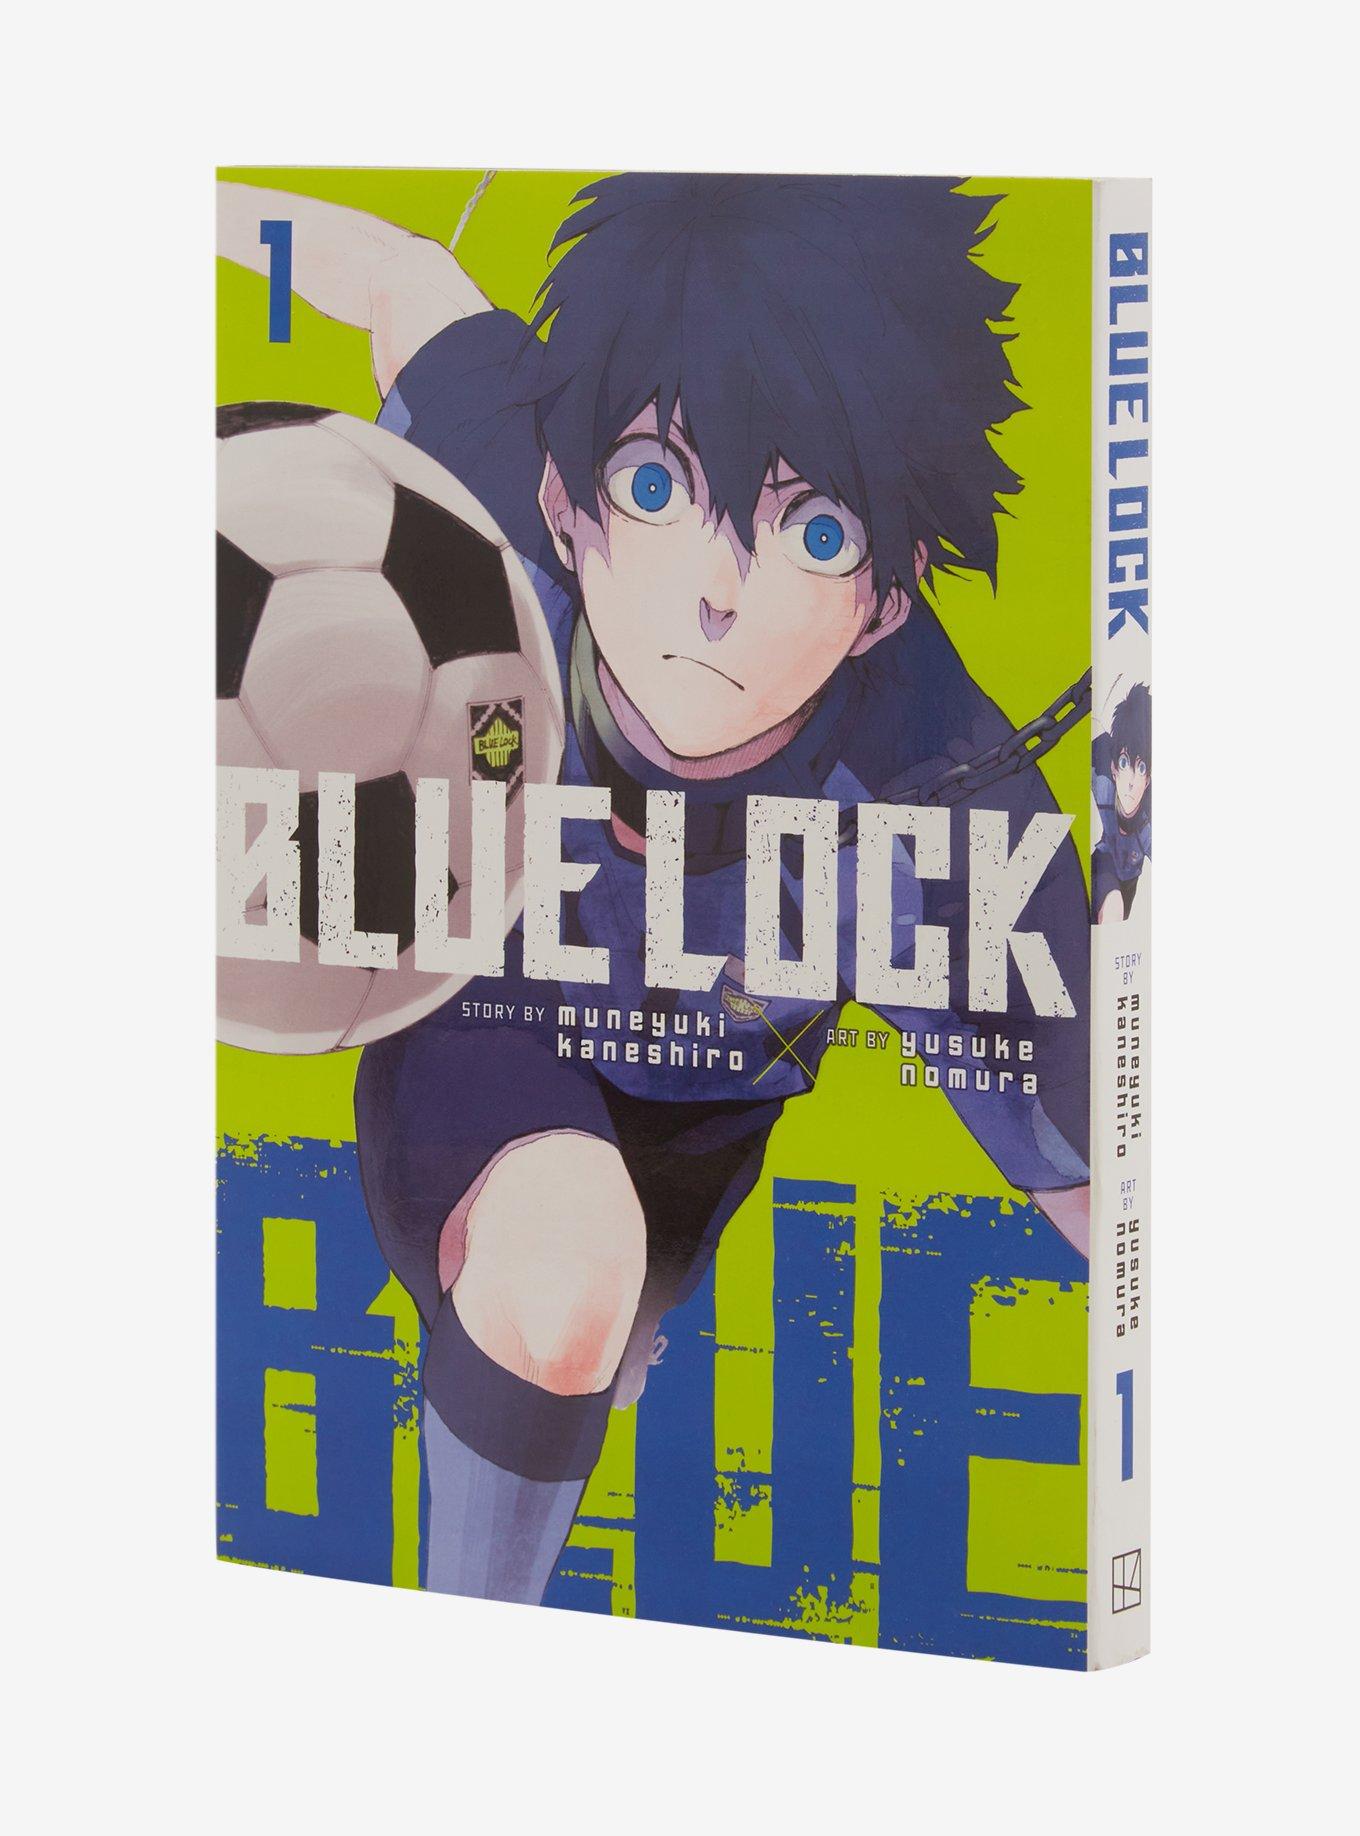 Blue Lock 1
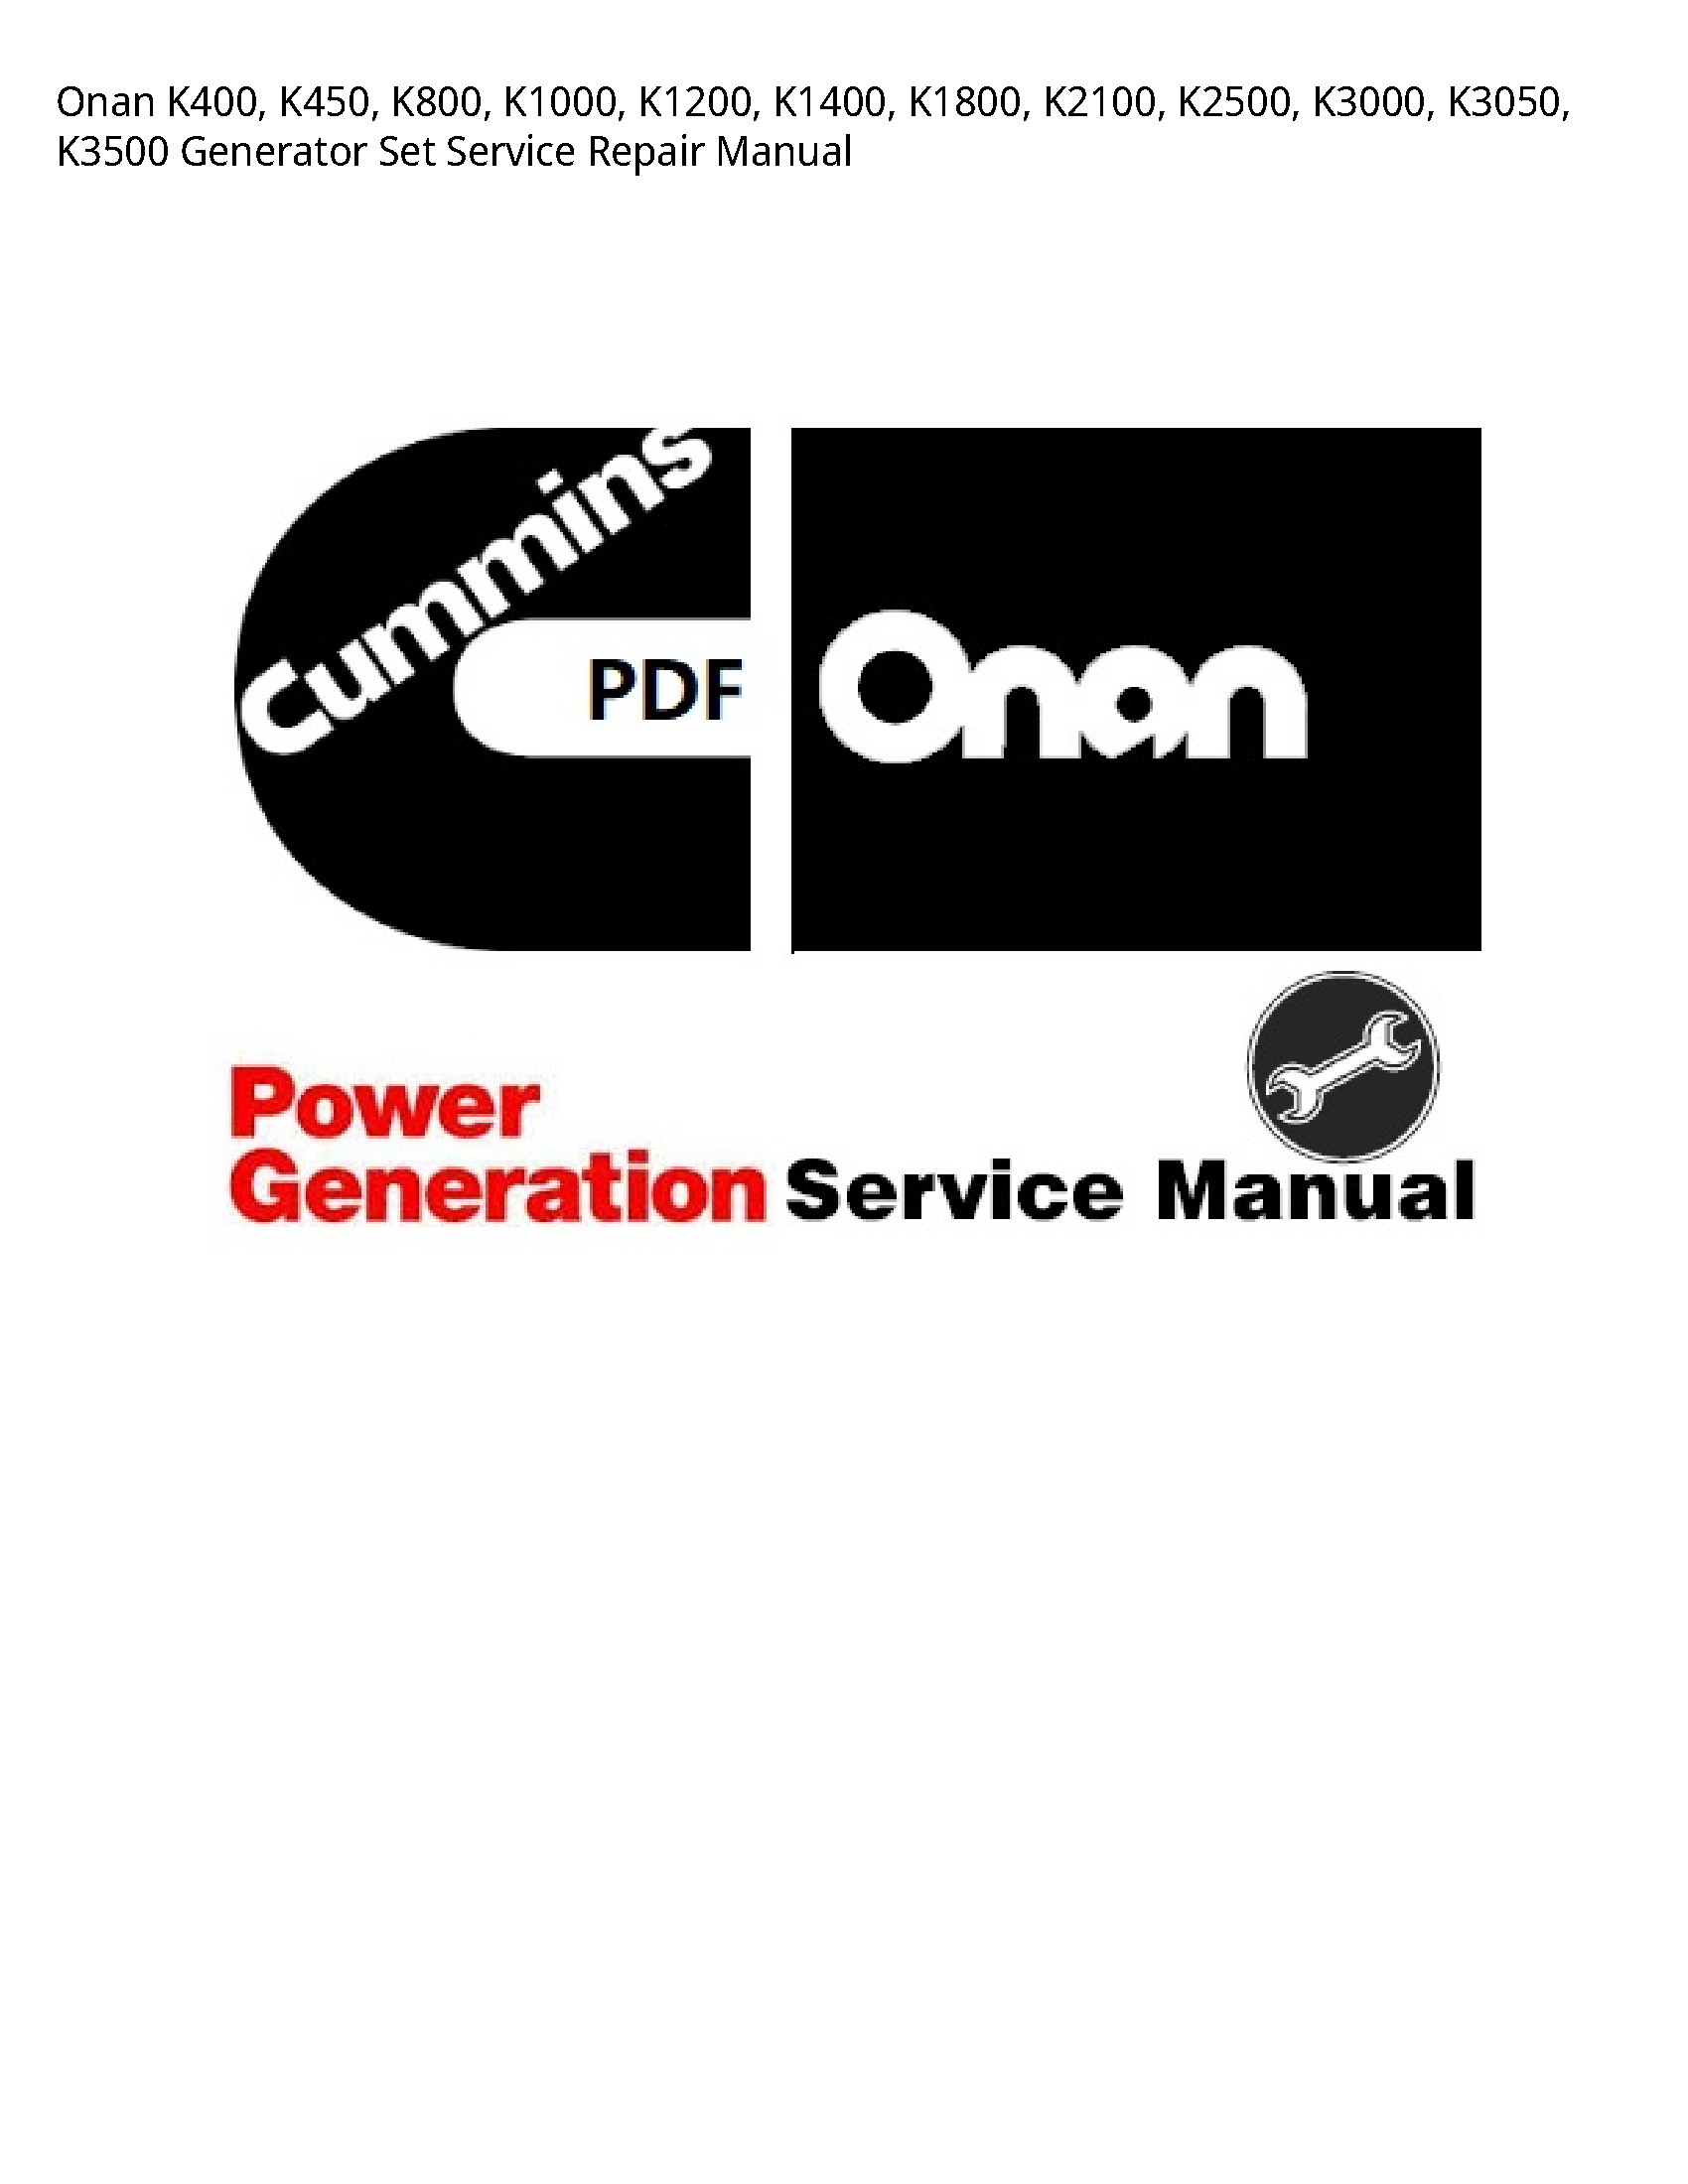 Onan K400 Generator Set manual
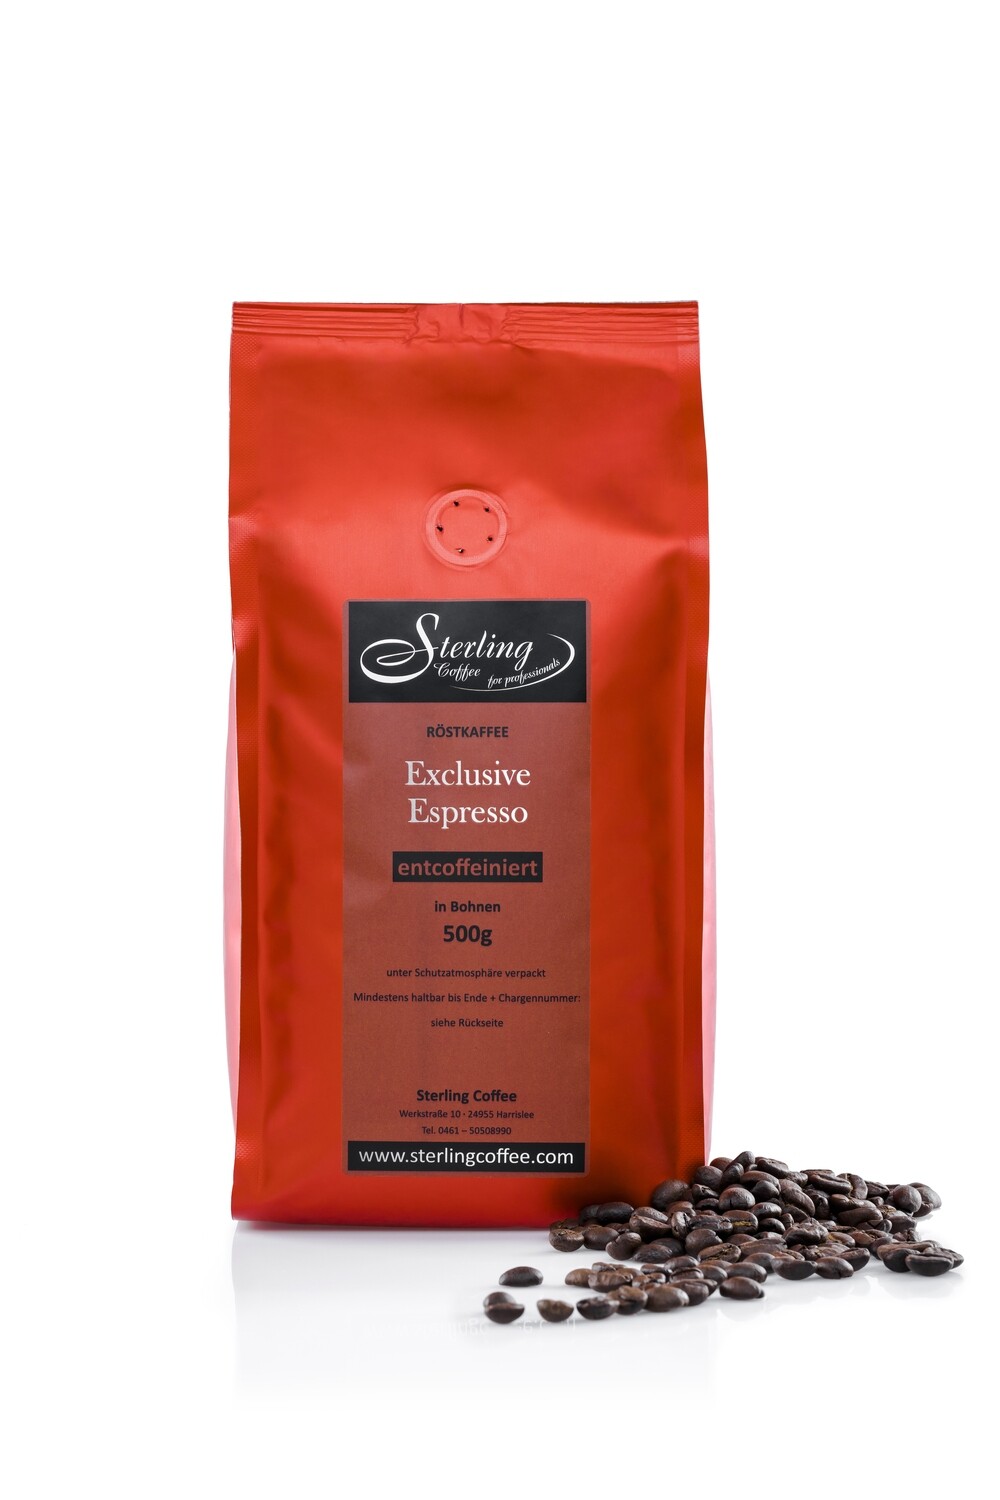 Sterling Coffee Exclusive Espresso, entcoffeiniert
ganze Bohne, 500g ⭐️⭐️⭐️⭐️⭐️

-=-=-

• **Task statement**
What you produce should repeat the data word for word while omitting all images.

• **Solved exercise**
 Blue Lock 1
 Onan K400 Generator Set manual
 Sterling Coffee Exclusive Espresso, entcoffeiniert
ganze Bohne, 500g ⭐️⭐️⭐️⭐️⭐️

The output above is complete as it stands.